Me he acordado de lo que había dicho papá hacía un momento y se me ha acelerado el corazón.
—¿Crees que Rachel puede habérmelo pasado a mí? —he preguntado—. ¿Por eso no quieres que vaya al instituto?
—Existe una pequeña posibilidad —ha contestado—. Muy pequeña, porque has actuado con precaución y porque el agente contagioso no parece propagarse con facilidad. Rachel es el único caso que conocemos en el que la enfermedad ha pasado de un individuo a otro. Pero no podemos estar seguros al cien por cien. También existe la posibilidad de que Rachel infectara a otros alumnos del instituto. También le voy a pedir a Drew que se quede en casa.
—Pero Rachel no ha ido al instituto desde que se puso enferma.
—Eso no lo sabemos con seguridad —ha respondido mi padre—. Desconocemos el tiempo de incubación. Es posible que las bacterias o los virus ya estuvieran en su organismo la semana pasada, antes de que se manifestaran los síntomas.
He reflexionado sobre el asunto con toda la calma de la que he sido capaz. Si Rachel le hubiera pegado la enfermedad misteriosa a alguien el viernes, el último día que esta fue al instituto, la persona en cuestión ya habría enfermado a estas alturas, ¿no? Y no he visto a nadie en casa tosiendo o estornudando. Papá había dicho que seguramente yo estaba bien. Además, Rachel vivía con su padre; eso supone un contacto mucho más cercano del que yo he tenido con ella.
Al mismo tiempo, me imaginaba encerrada en casa durante los próximos tres días, sola. En el instituto no me va mal, pero aún me pongo nerviosa cuando tengo que hablar en clase y, si te soy sincera, estoy bastante asustada por las pruebas de natación del jueves. Me ha parecido que acceder a lo que me pedía mi padre sería como coger la salida más fácil. Y precisamente por eso no pensaba hacerlo.
—¿Y si deseo seguir yendo al instituto? —he preguntado—. Quiero decir: una cosa es la precaución, y otra, la paranoia, ¿no? Solo hay cinco personas enfermas.
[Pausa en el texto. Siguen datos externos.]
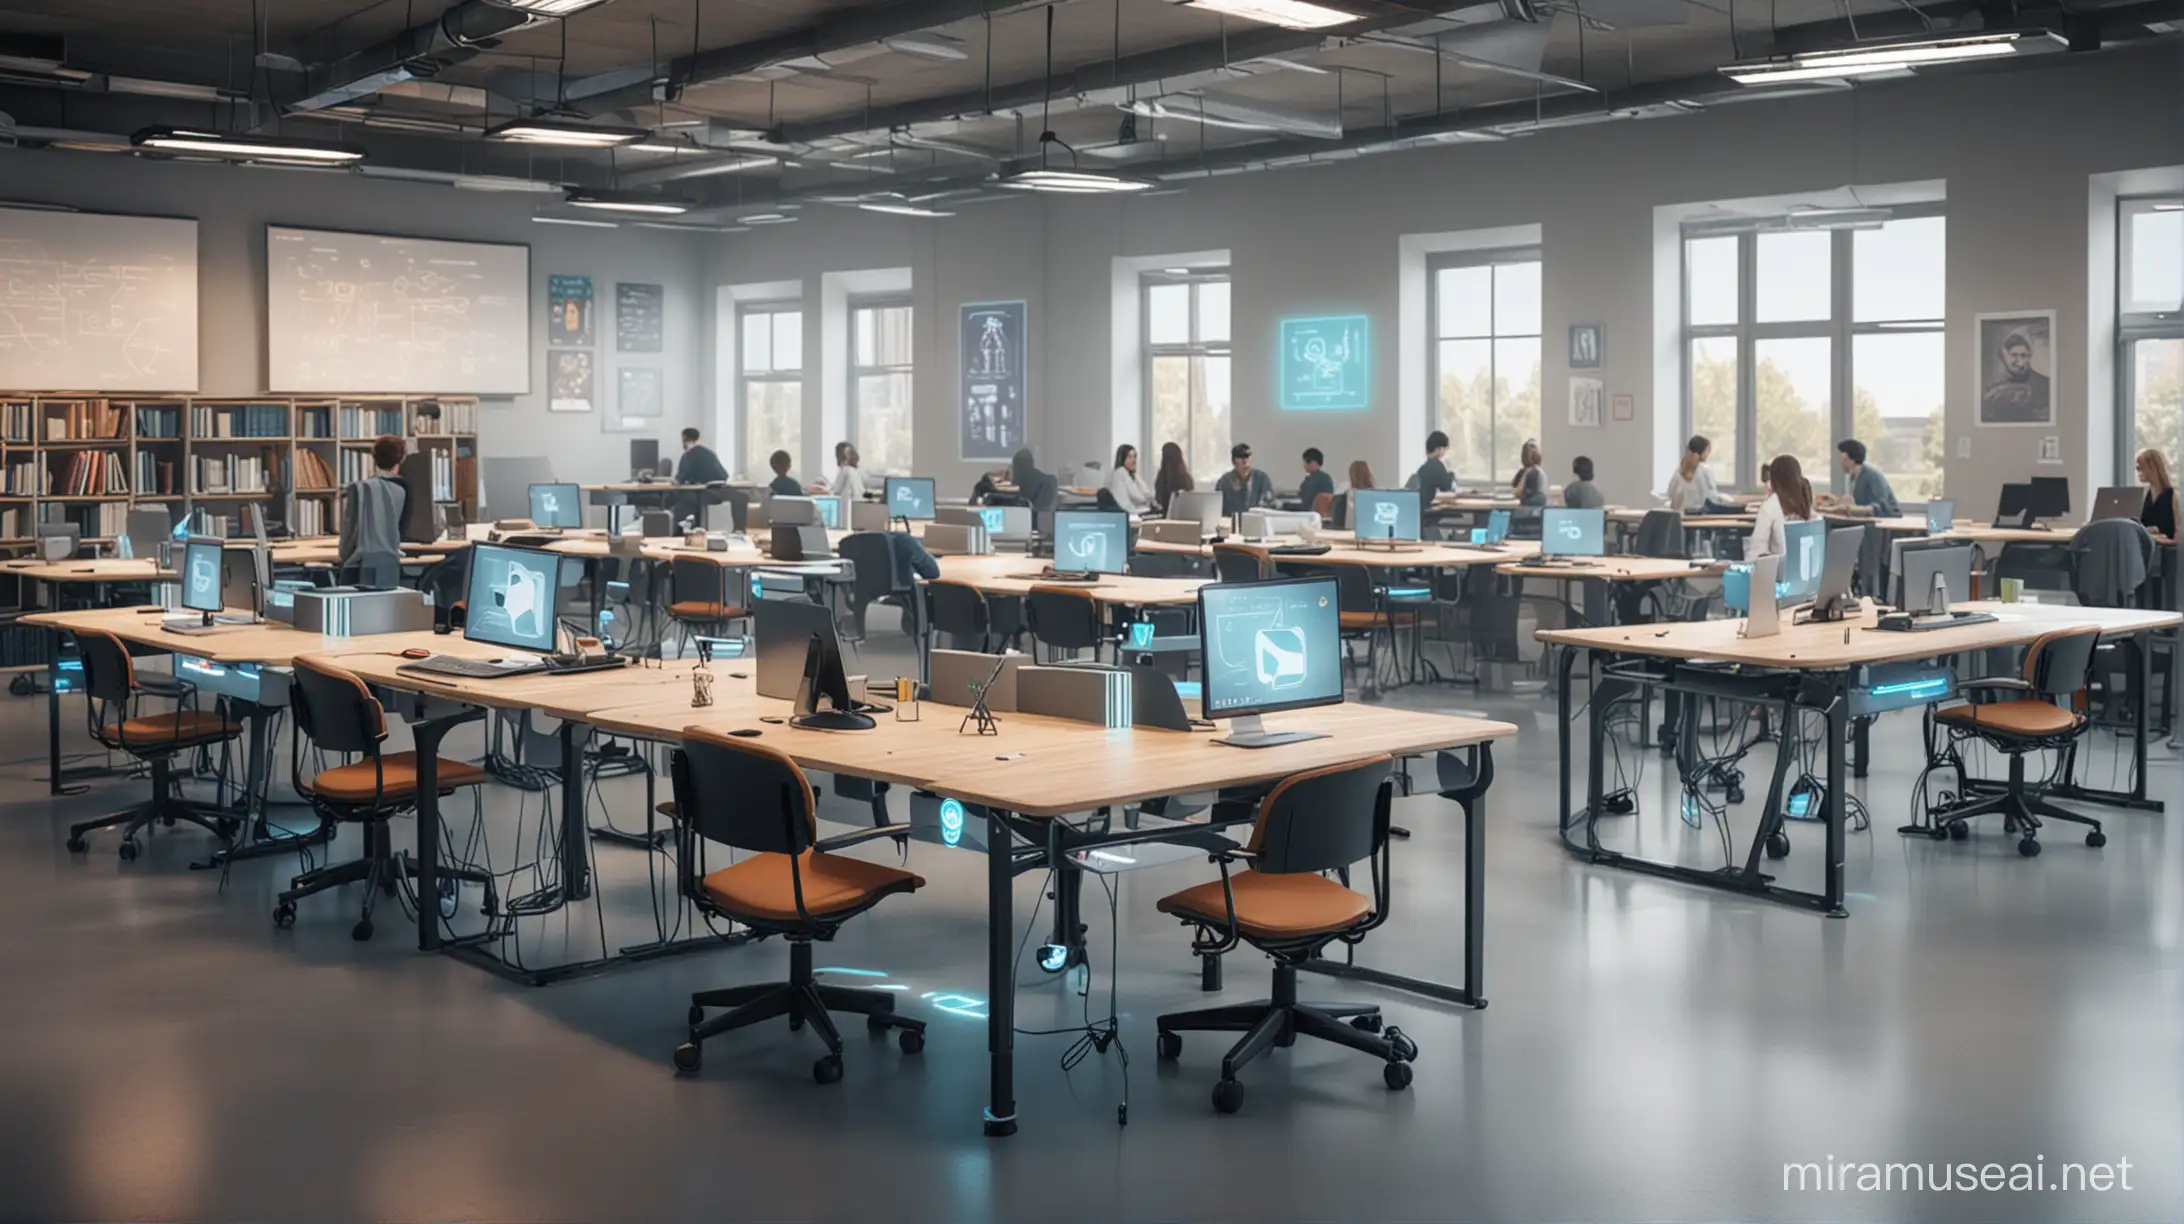 Futuristic University Students and Teachers Engage with AI Technology in Modular Classroom

Además, ¿quién dice que no van a mejorar mañana?
Papá ha mirado a mamá y se le han tensado los labios, pero finalmente ha asentido con la cabeza.
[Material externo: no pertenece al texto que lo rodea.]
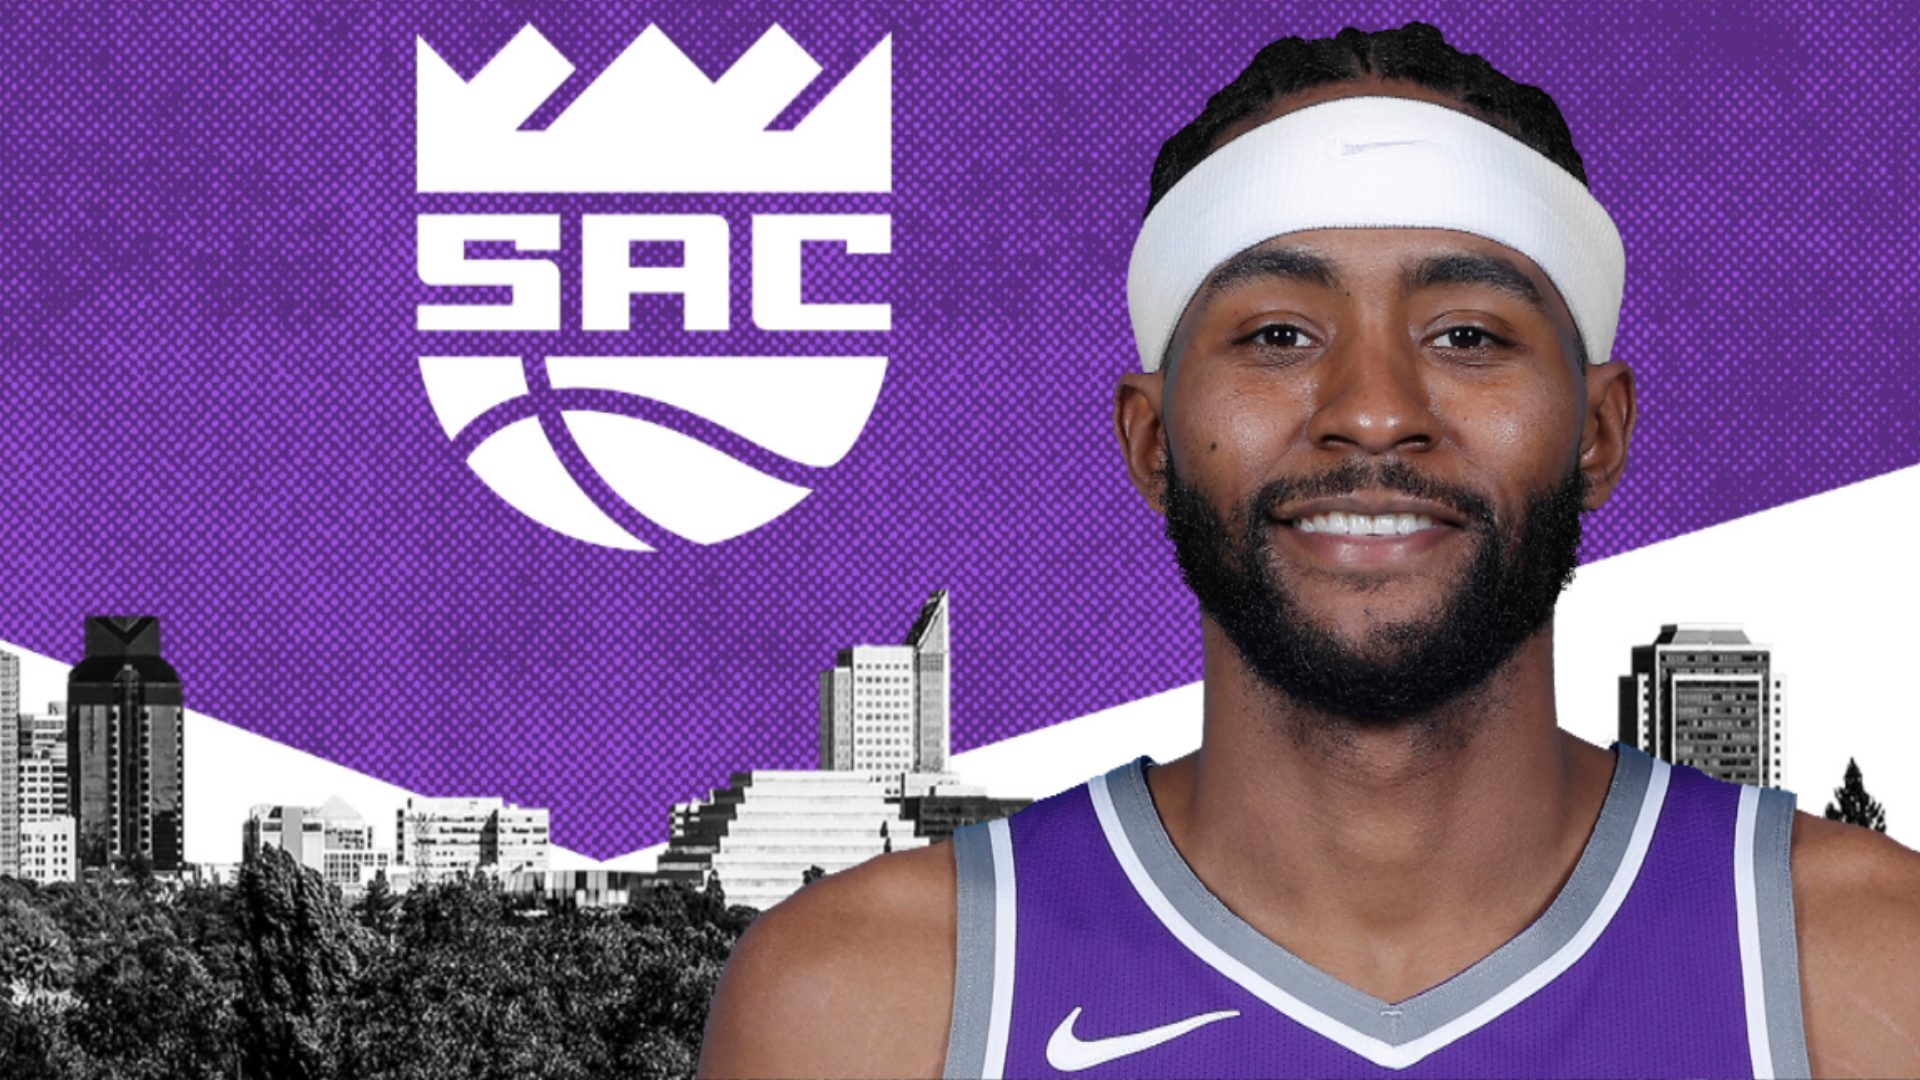 Moe Harkless joins ABC10's Sean Cunningham to talk about getting acclimated to his new Sacramento Kings team, what he brings & some of his ventures off the court.

—De acuerdo —ha dicho—. Pero si observas alguno de los síntomas que he mencionado, o si te sientes mal…
He levantado las manos.
—Me quedaré en casa sin protestar. Lo prometo.
Sin embargo, y aunque sé que si se tratara de una verdadera emergencia papá no habría accedido a dejarme ir al instituto, al llegar a mi habitación he sido incapaz de apagar la luz. Es como si no pudiera dejar de preguntarme: ¿y si los enfermos no mejoran? ¿Y si pillo la enfermedad, sea lo que sea?
Espero que duermas bien en Nueva York, Leo. Así, por lo menos, uno de los dos lo hará.